Create a model and include this geometry. The geometry of the L-shaped membrane is described in the file lshapeg.

model = createpde;
geometryFromEdges(model,@lshapeg);

Set zero Dirichlet boundary conditions on all edges.

applyBoundaryCondition(model,"dirichlet", ...
                       Edge=1:model.Geometry.NumEdges, ...
                       u=0);

Specify the coefficients for the problem: d = 1 and c = 1. All other coefficients are equal to zero.

specifyCoefficients(model,m=0,d=1,c=1,a=0,f=0);

Set the interval [0 100] as the region for the eigenvalues in the solution.

r = [0 100];

Create a mesh and solve the problem.

generateMesh(model,Hmax=0.05);
results = solvepdeeig(model,r);

There are 19 eigenvalues smaller than 100.

length(results.Eigenvalues)
ans = 
19

Plot the first eigenmode and compare it to the MATLAB's membrane function.

u = results.Eigenvectors;
pdeplot(model,XYData=u(:,1),ZData=u(:,1));

Figure contains an axes object.

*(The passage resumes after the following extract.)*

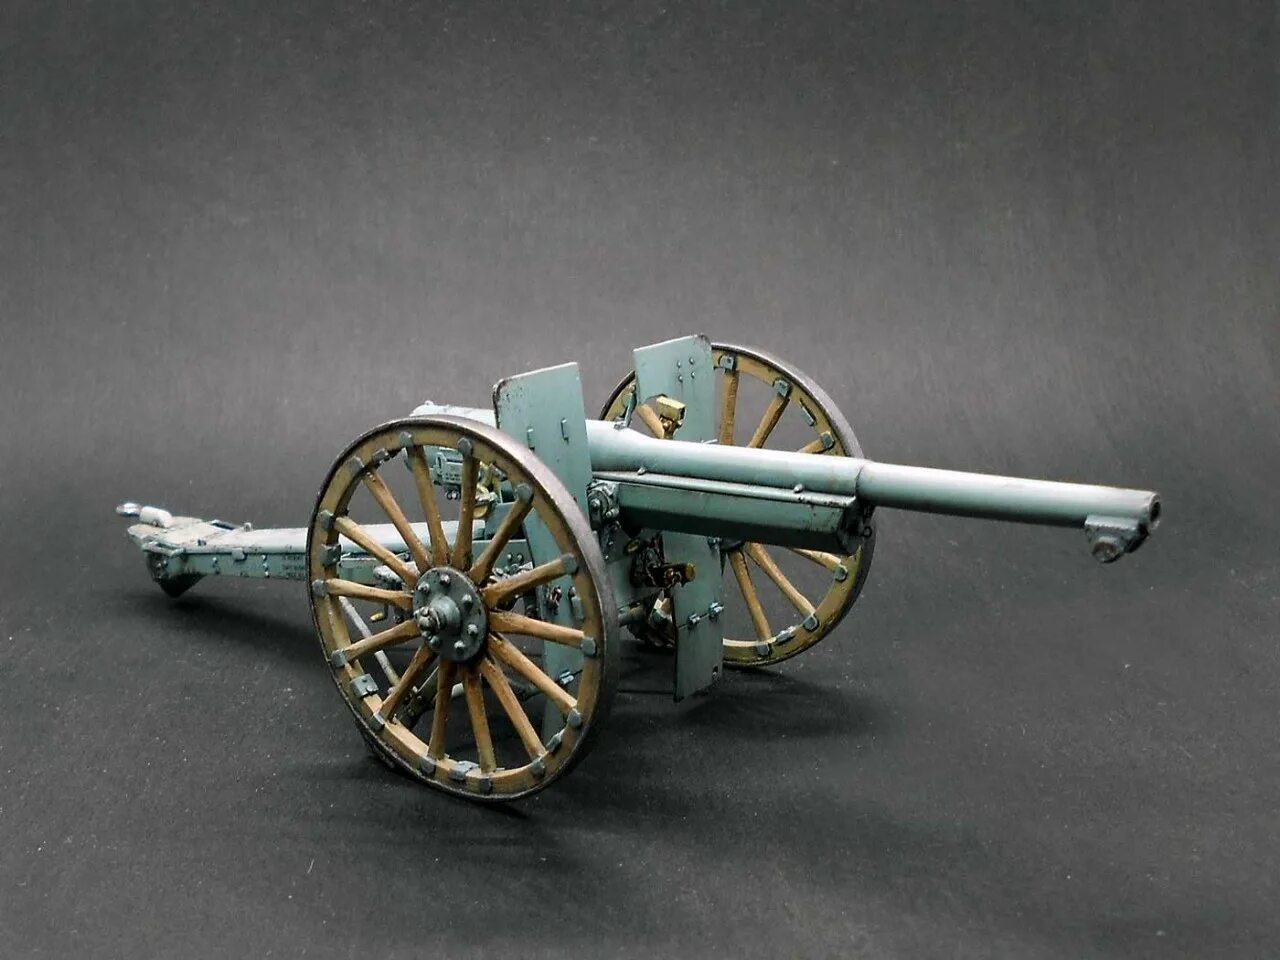 75-Мм пушка 75 mle 1897. 75 Mm mle. 1897. Пушка Шнейдера 75 мм. 75 Мм французская пушка 1897 г.

The axes object contains an object of type patch.

figure
membrane(1,20,9,9)

Figure contains an axes object. The axes object contains an object of type surface.

Eigenvectors can be multiplied by any scalar and remain eigenvectors. This explains the difference in scale that you see.

membrane can produce the first 12 eigenfunctions for the L-shaped membrane. Compare the 12th eigenmodes.

figure 
pdeplot(model,XYData=u(:,12),ZData=u(:,12));

Figure contains an axes object. The axes object contains an object of type patch.

figure 
membrane(12,20,9,9)

Figure contains an axes object. The axes object contains an object of type surface.